** EXERCISE DATA follows **

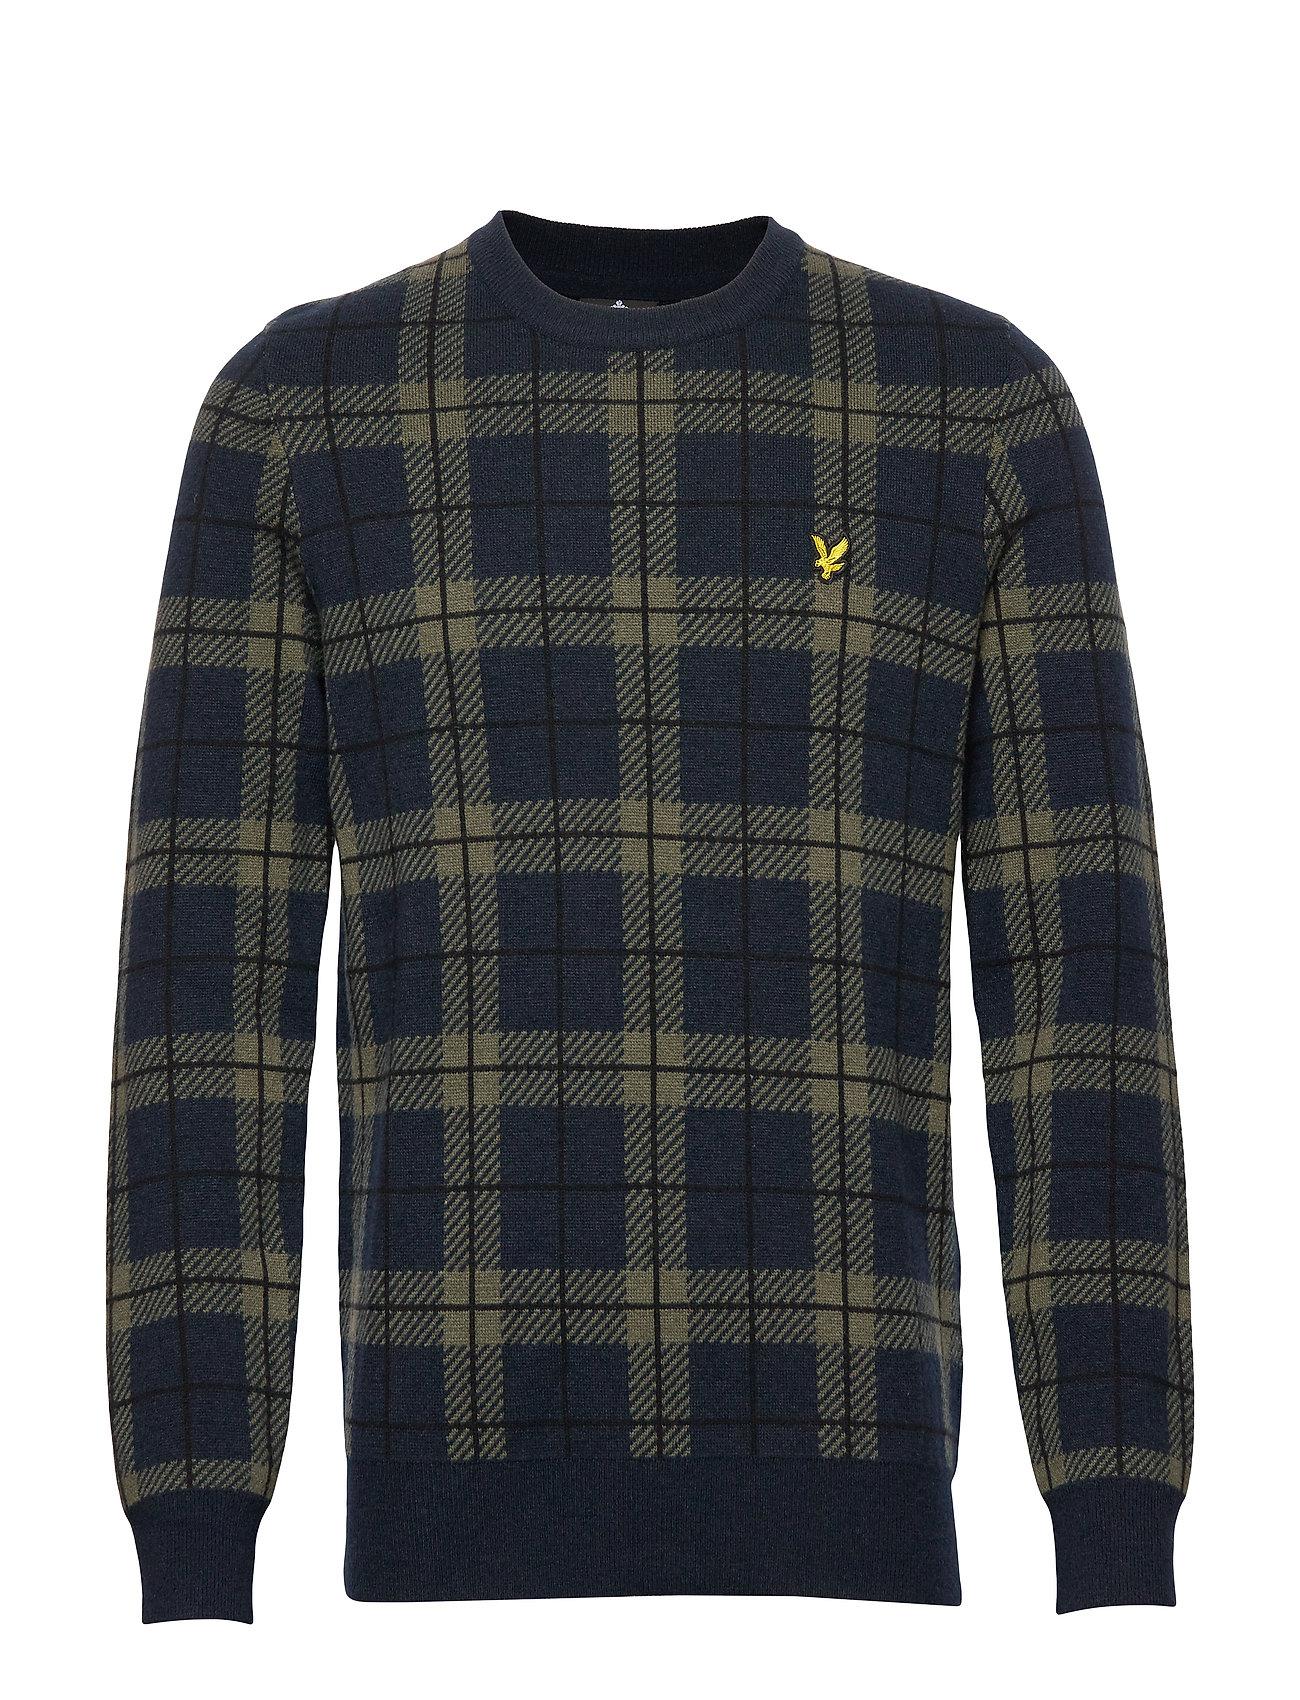 Lyle & Scott Check Knitted Jumper - DARK NAVY/OLIVE TARTAN
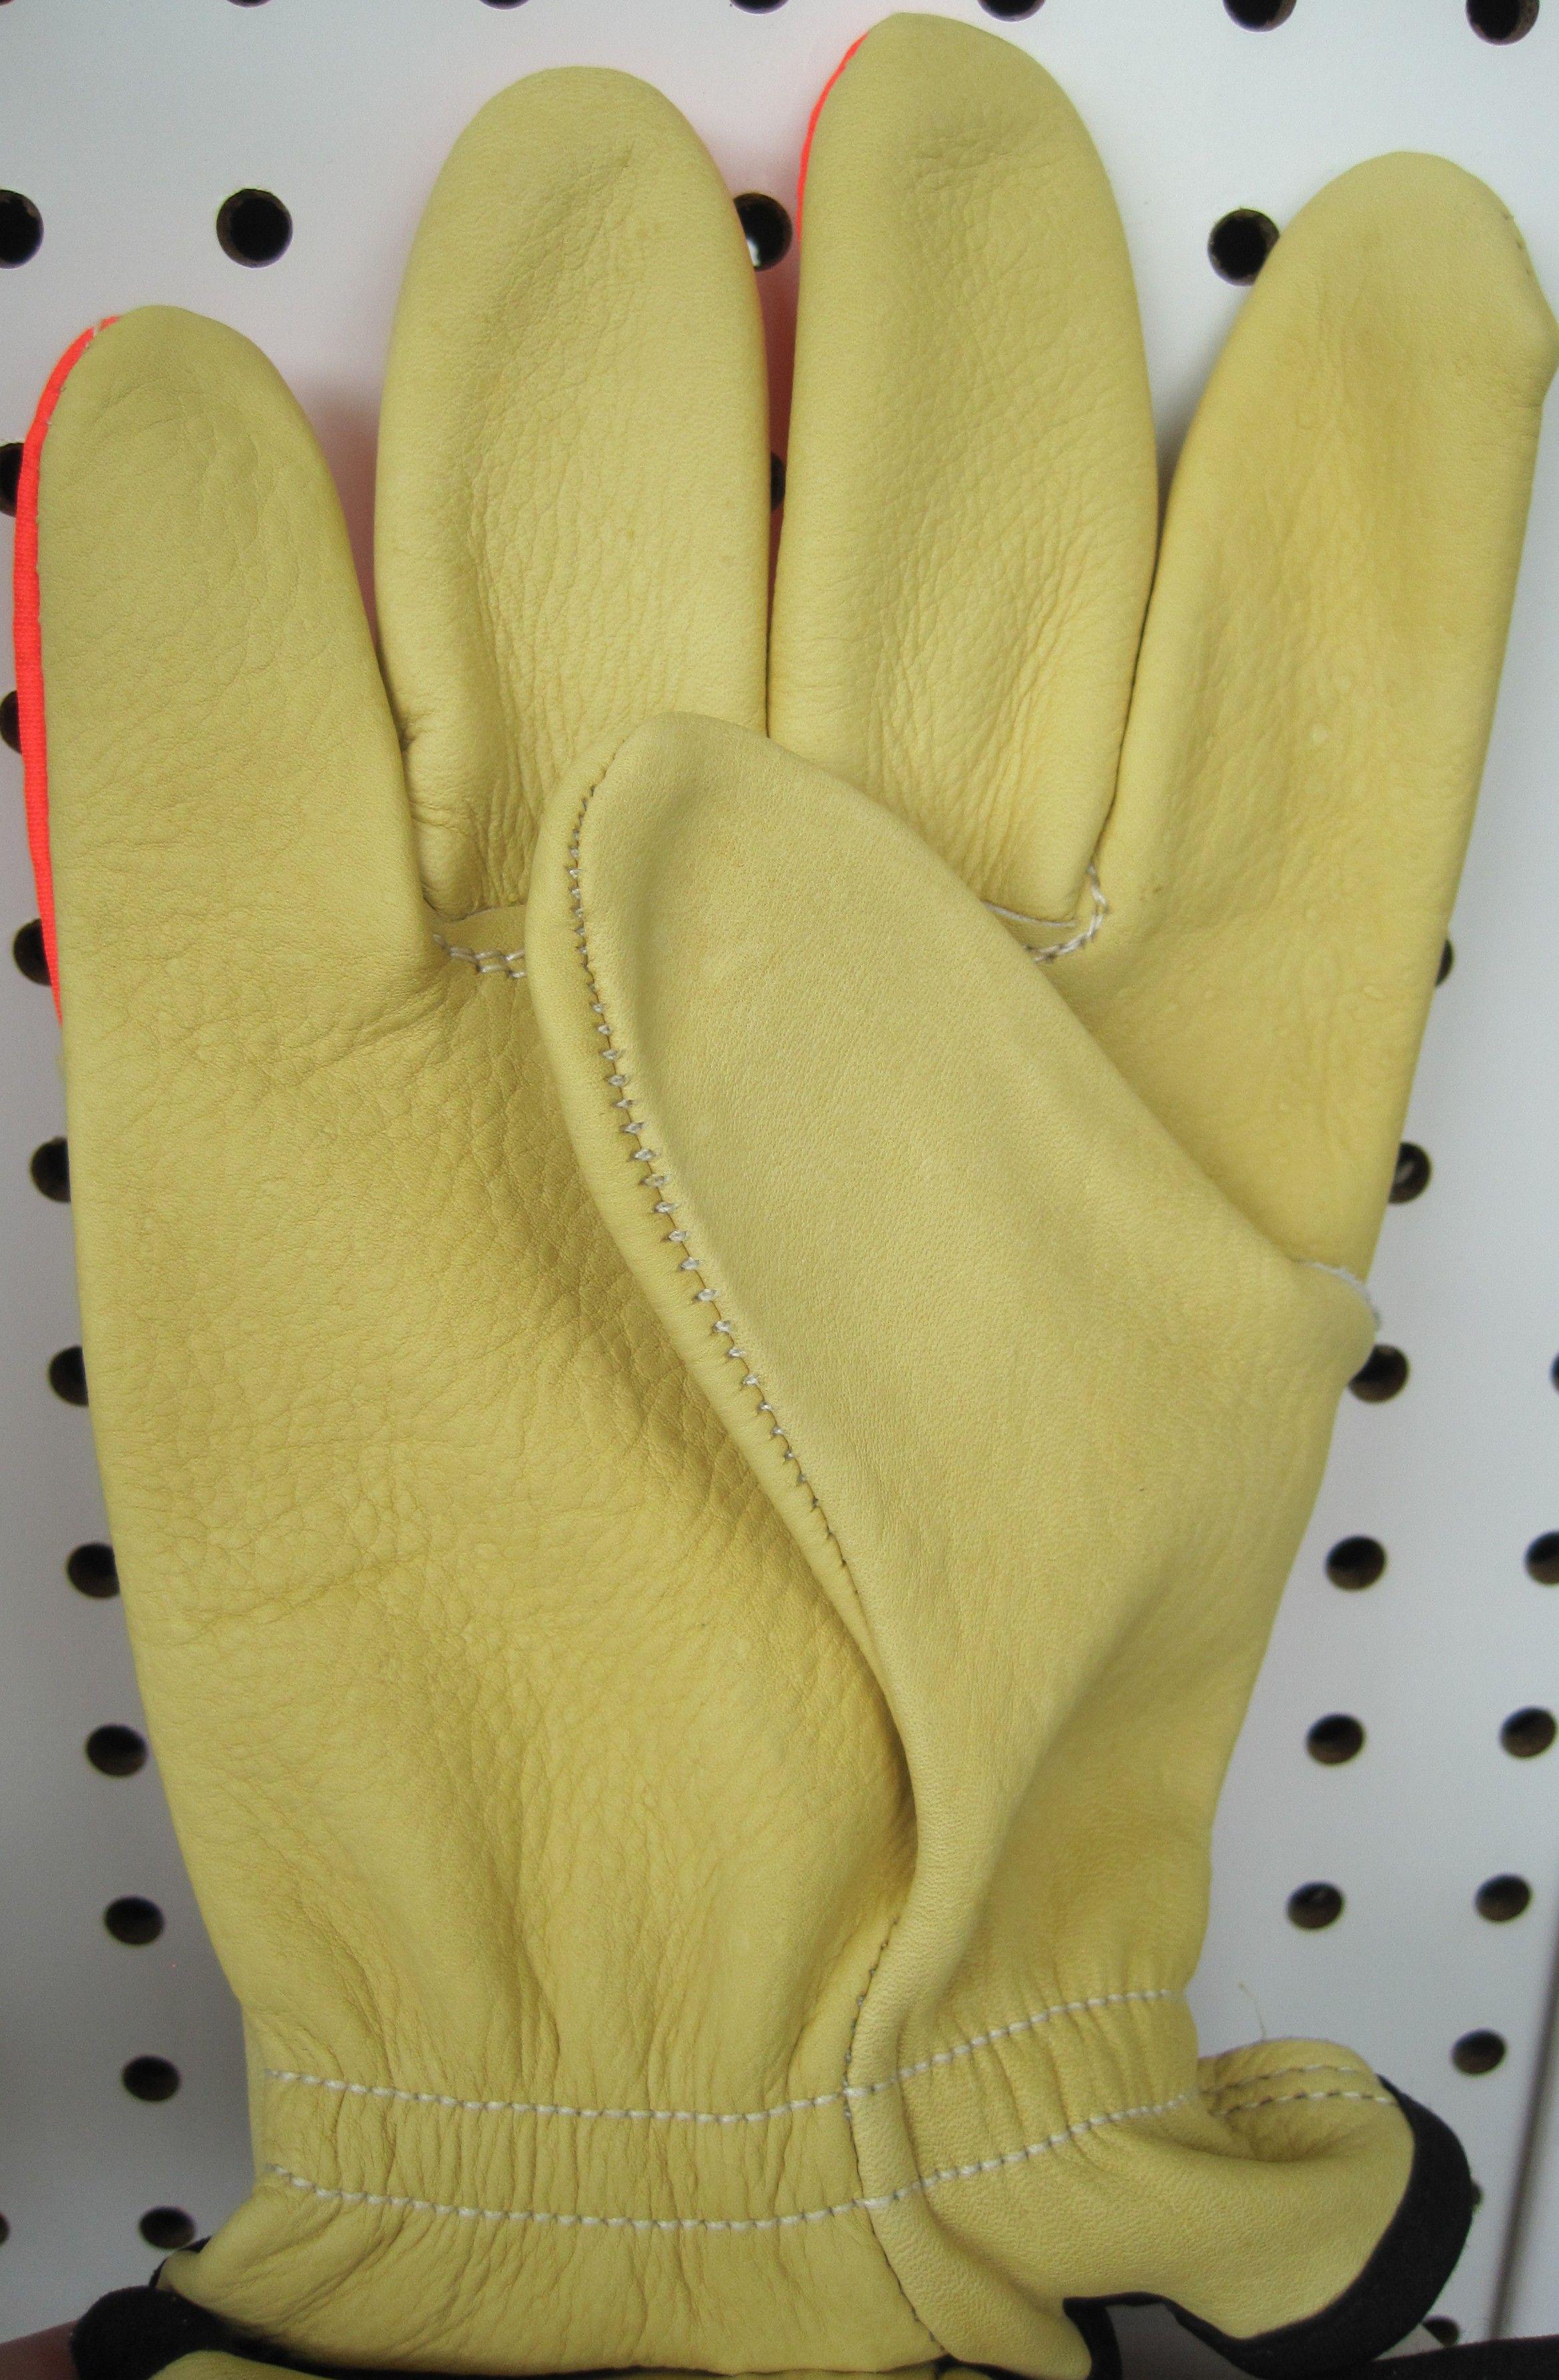 chain saw safety glove
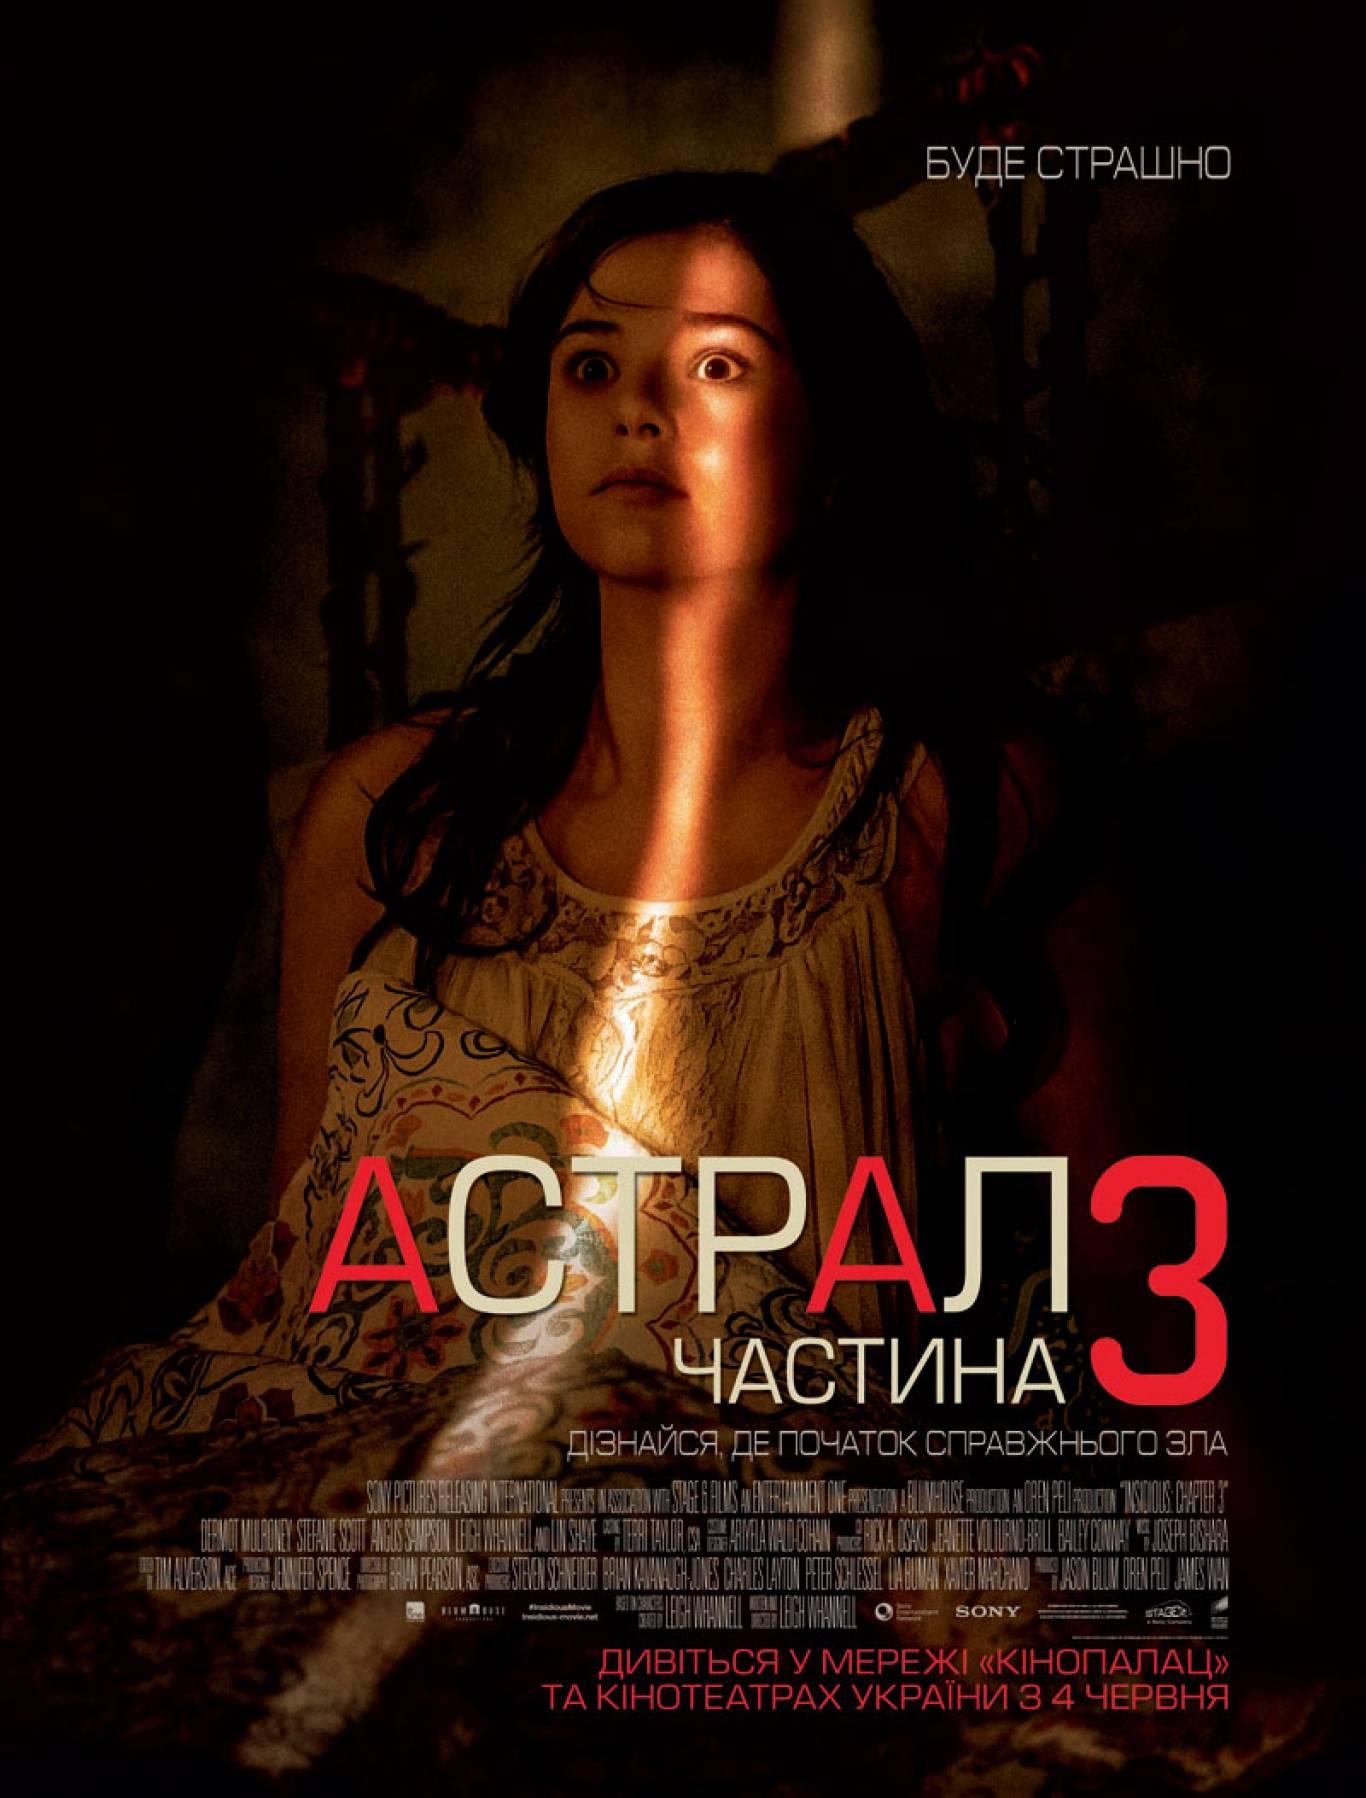 Давноочікувана прем'єра третьої частини фільму жахів «Астрал 3»
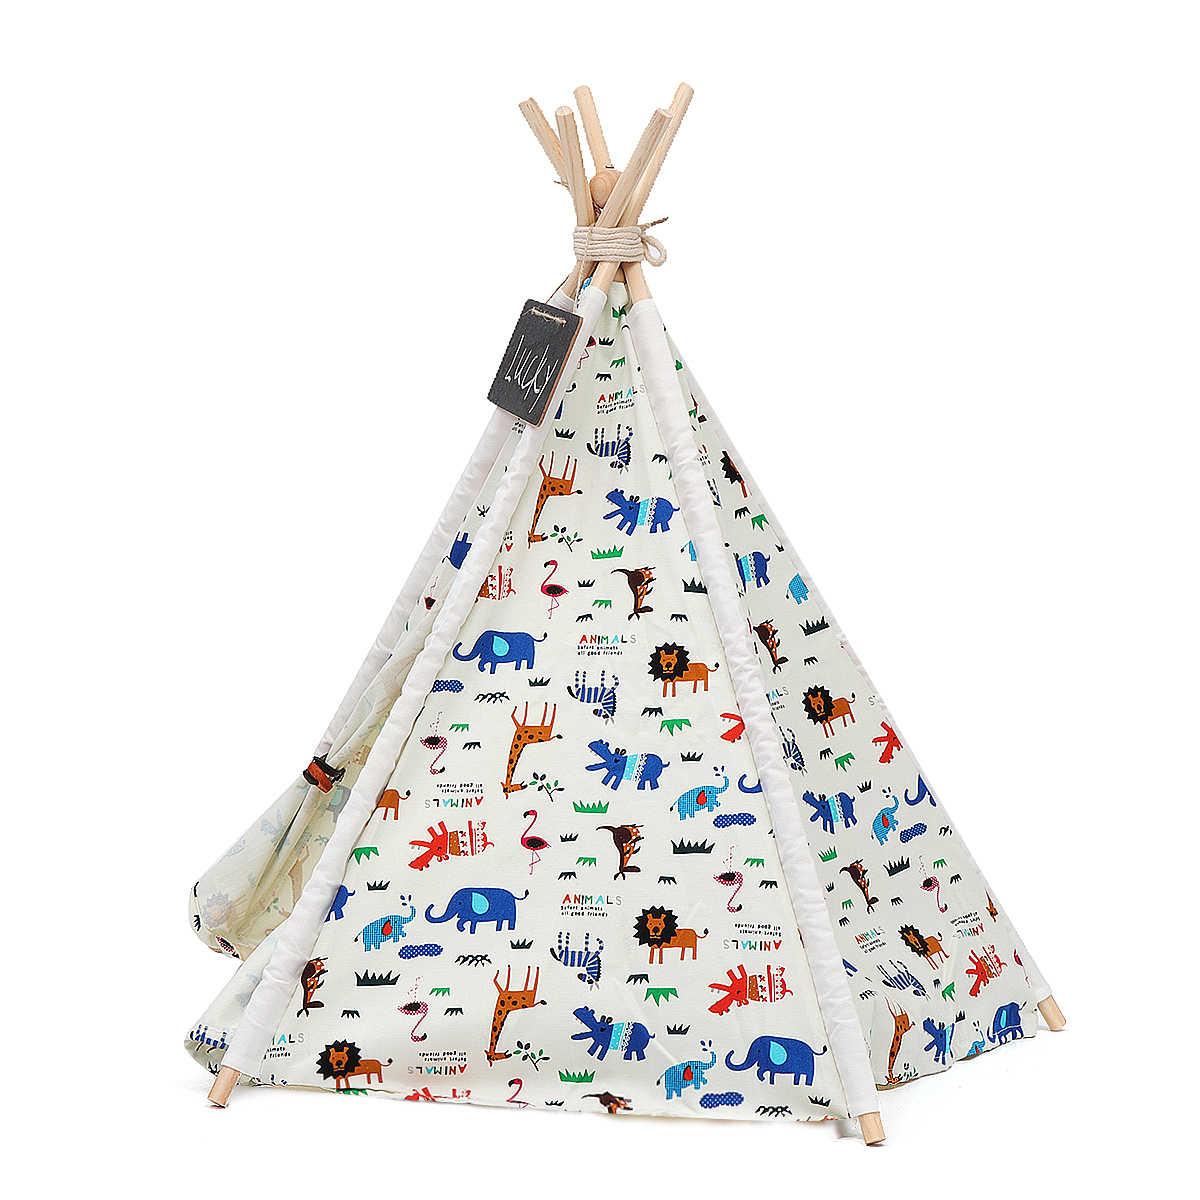 Складной Собака House питомники моющийся палатка щенок кошка кровать Крытый Открытый дома играет вигвама Типи Товары для собак Портативный S/ m/L

** End of EXERCISE DATA **

> _EXERCISE DETAILS_
Please reproduce nothing but the lines from the one containing "chain saw safety glove" through the closing line of the listing, retyped word for word, pictures excluded.

> _THE ANSWER_
 chain saw safety glove
 Давноочікувана прем'єра третьої частини фільму жахів «Астрал 3»
 Складной Собака House питомники моющийся палатка щенок кошка кровать Крытый Открытый дома играет вигвама Типи Товары для собак Портативный S/ m/L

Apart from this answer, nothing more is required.